Mizuho Securities' Sheryl Skolnick wrote in a Thursday note that the company's new Ebitda guide for the current year seems high, noting its consistent failure to grow volume, manage labor and collect cash. 

"There is, in our strong view, no reason to believe that CYH has any plan to turn things around that is likely to work in the near term," Skolnick wrote. "Dictating cost savings from headquarters doesn't work. Firing docs doesn't work ... because CYH has a revenue problem first, and now it's created from that revenue problem a cost problem."

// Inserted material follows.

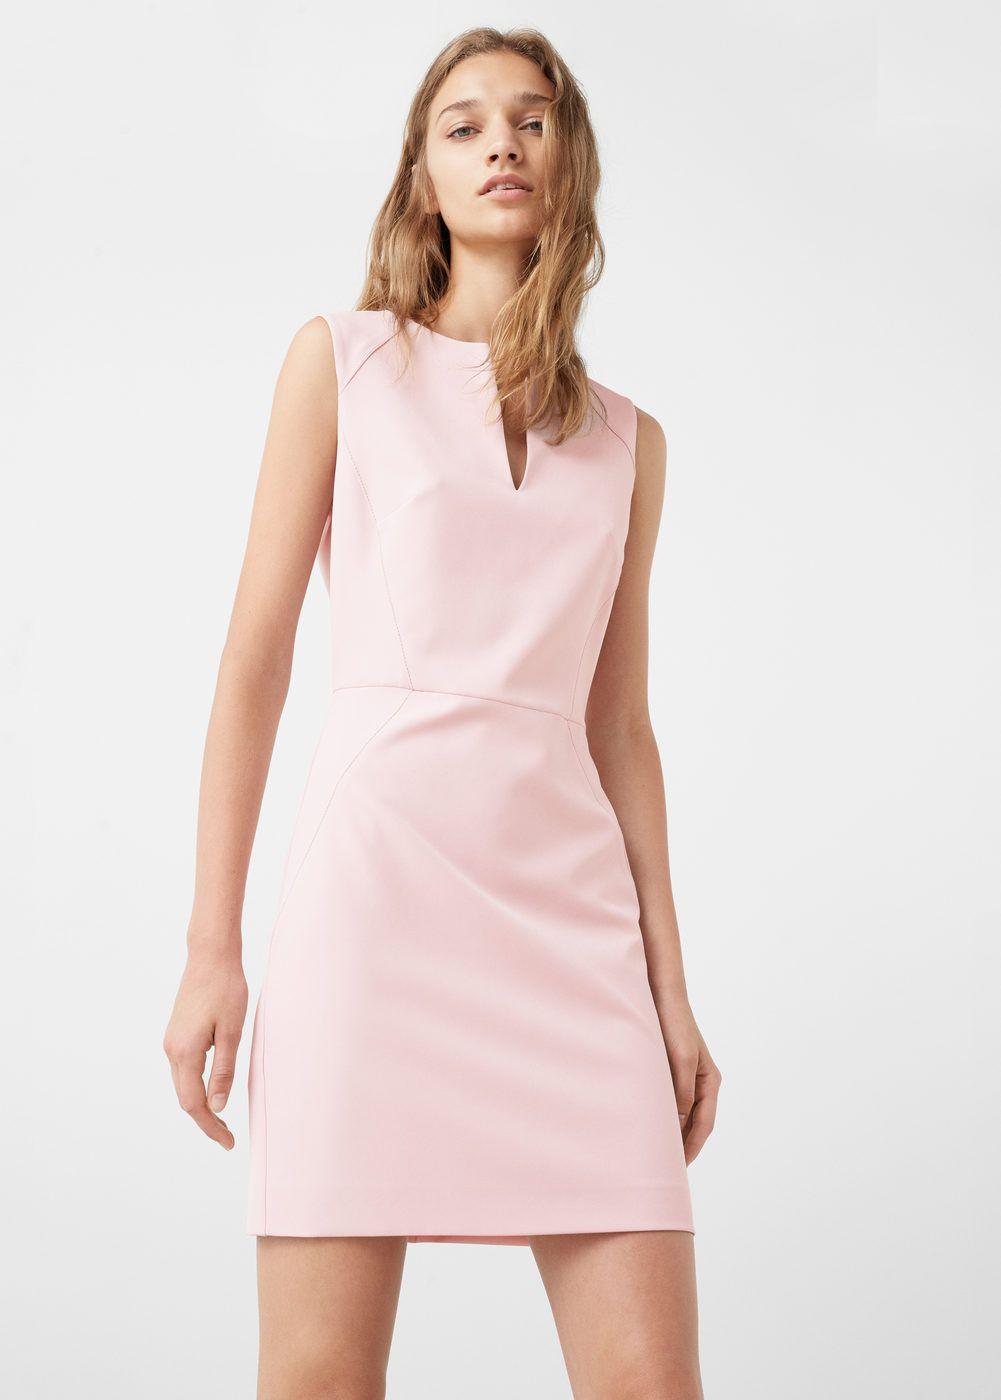 Shift dress - Woman   In Fashion   In Style   Dresses, Clothes ... e228c1e3db

Debt-ridden Community in early August had said it was working to sell 12 unidentified hospitals, having announced in May it was shopping 10 of those. CEO Wayne Smith had said he it expects the bucket of assets to fetch $850 million in total proceeds. 

As part of the divestiture plan, the company on Sept. 29 announced an agreement to sell four rural hospitals, three in Mississippi and one in Florida, to privately held not-for-profit hospital operator Curae Health. Community a few weeks later on Oct. 17 revealed plans to sell an 80% stake in its home health unit to Almost Family (AFAM) for $128 million.

The company subsequently unveiled a separate initiative, disclosing on Sept. 19 that it is undertaking a strategic alternatives process. Community said then that it was working with advisers to explore possible transactions with financial sponsors, though an unusual lack of shareholder reaction in the public markets likely points to a high level of skepticism that a leveraged buyout, or at least one at a premium, is feasible.

Further complicating matters are accounting concerns raised by one shareholder of its spinoff company Quorum Health (QHC) - Get Report earlier this month. Texas hedge fund  Q Investments in a letter to the board of Quorum demanded that it conduct an independent investigation aimed at its own management and that of Community. The investor argued that Community beefed up Quorum's numbers and covered up costs prior to its spinoff for the purpose of raising as much financing as possible.

Though Community denied the claims, sources familiar with the situation told The Deal that the claims will likely ultimately lead to litigation one way or another.

Community is scheduled to report its complete financial results for its third quarter ended Sept. 20 on Nov. 1, followed by call with investors at 11 a.m. Eastern time on Nov. 2.